In your case, check this sample scrapy shell session, using js2xml.jsonlike.getall():

paul:~$ scrapy shell http://2loom.com/products/2loom-design-siyah-beyaz-kalpli
2014-05-19 16:12:00+0200 [scrapy] INFO: Scrapy 0.23.0 started (bot: scrapybot)

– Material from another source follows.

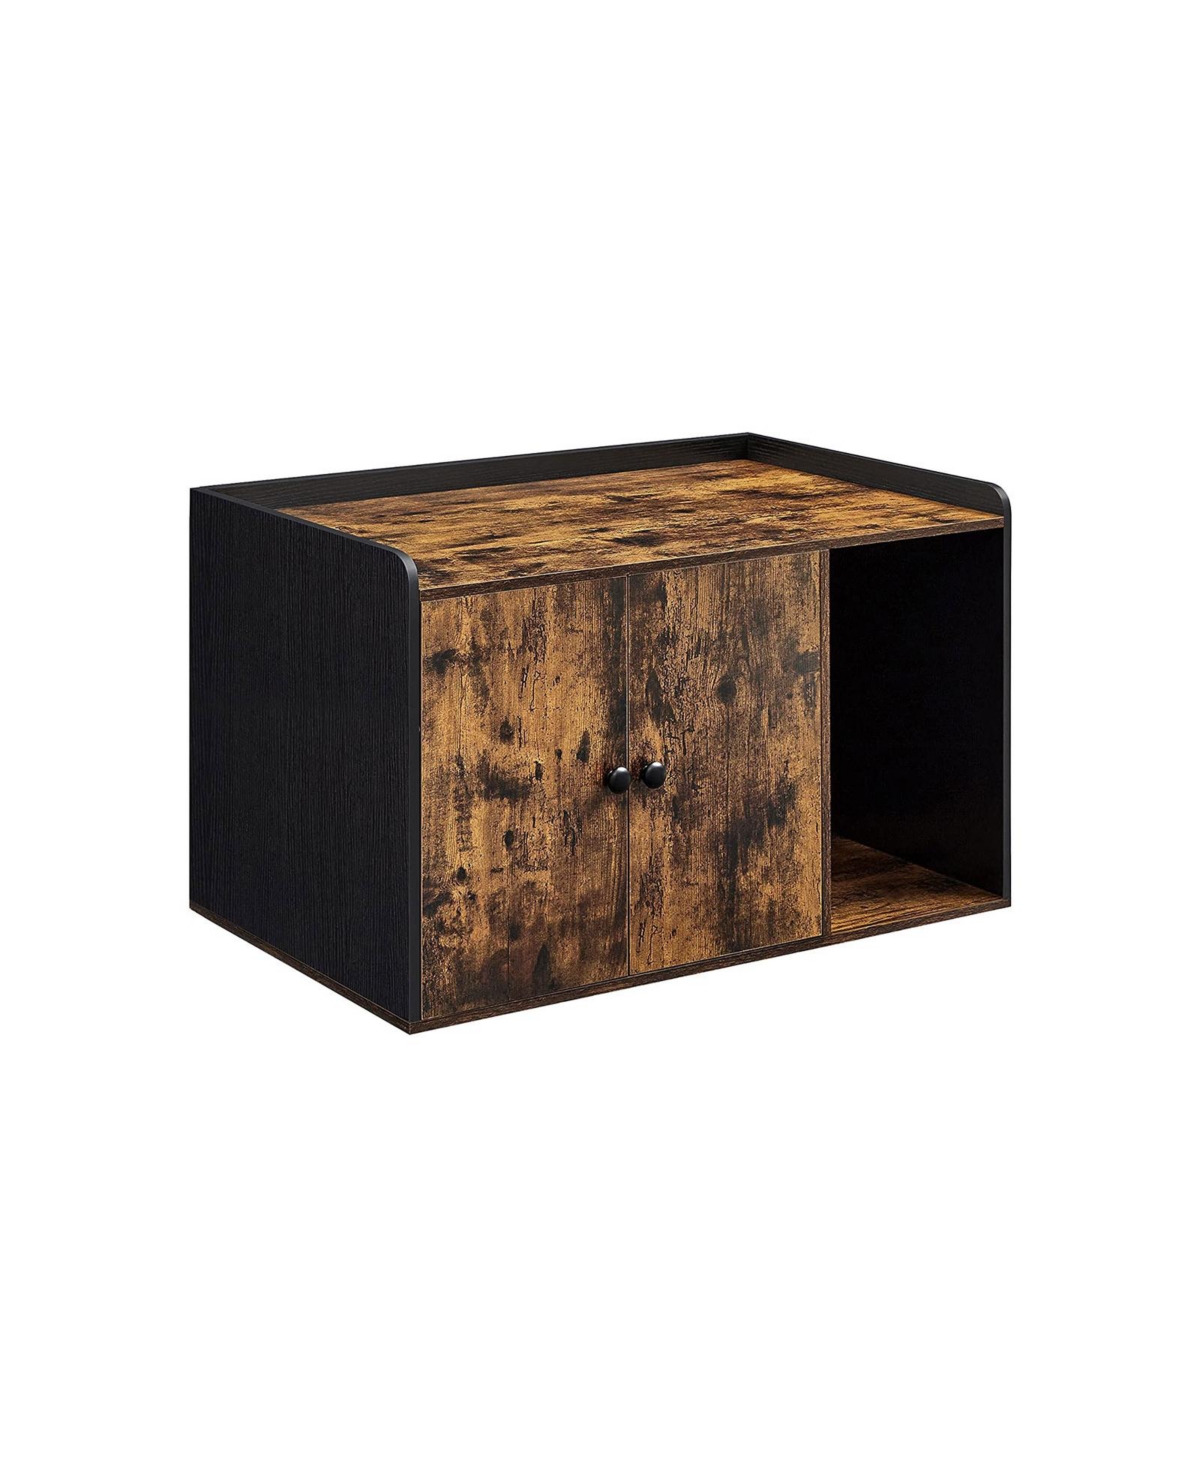 Cat Litter Box Enclosure, Wooden Hidden Cat Box Furniture, Cat Washroom With Doors - Rustic brown

2014-05-19 16:12:00+0200 [scrapy] INFO: Optional features available: ssl, http11
2014-05-19 16:12:00+0200 [scrapy] INFO: Overridden settings: {'LOGSTATS_INTERVAL': 0}
2014-05-19 16:12:00+0200 [scrapy] INFO: Enabled extensions: TelnetConsole, CloseSpider, WebService, CoreStats, SpiderState
2014-05-19 16:12:00+0200 [scrapy] INFO: Enabled downloader middlewares: HttpAuthMiddleware, DownloadTimeoutMiddleware, UserAgentMiddleware, RetryMiddleware, DefaultHeadersMiddleware, MetaRefreshMiddleware, HttpCompressionMiddleware, RedirectMiddleware, CookiesMiddleware, ChunkedTransferMiddleware, DownloaderStats
2014-05-19 16:12:00+0200 [scrapy] INFO: Enabled spider middlewares: HttpErrorMiddleware, OffsiteMiddleware, RefererMiddleware, UrlLengthMiddleware, DepthMiddleware
2014-05-19 16:12:00+0200 [scrapy] INFO: Enabled item pipelines: 
2014-05-19 16:12:00+0200 [scrapy] DEBUG: Telnet console listening on 0.0.0.0:6023
2014-05-19 16:12:00+0200 [scrapy] DEBUG: Web service listening on 0.0.0.0:6080
2014-05-19 16:12:00+0200 [default] INFO: Spider opened
2014-05-19 16:12:01+0200 [default] DEBUG: Crawled (200) <GET http://2loom.com/products/2loom-design-siyah-beyaz-kalpli> (referer: None)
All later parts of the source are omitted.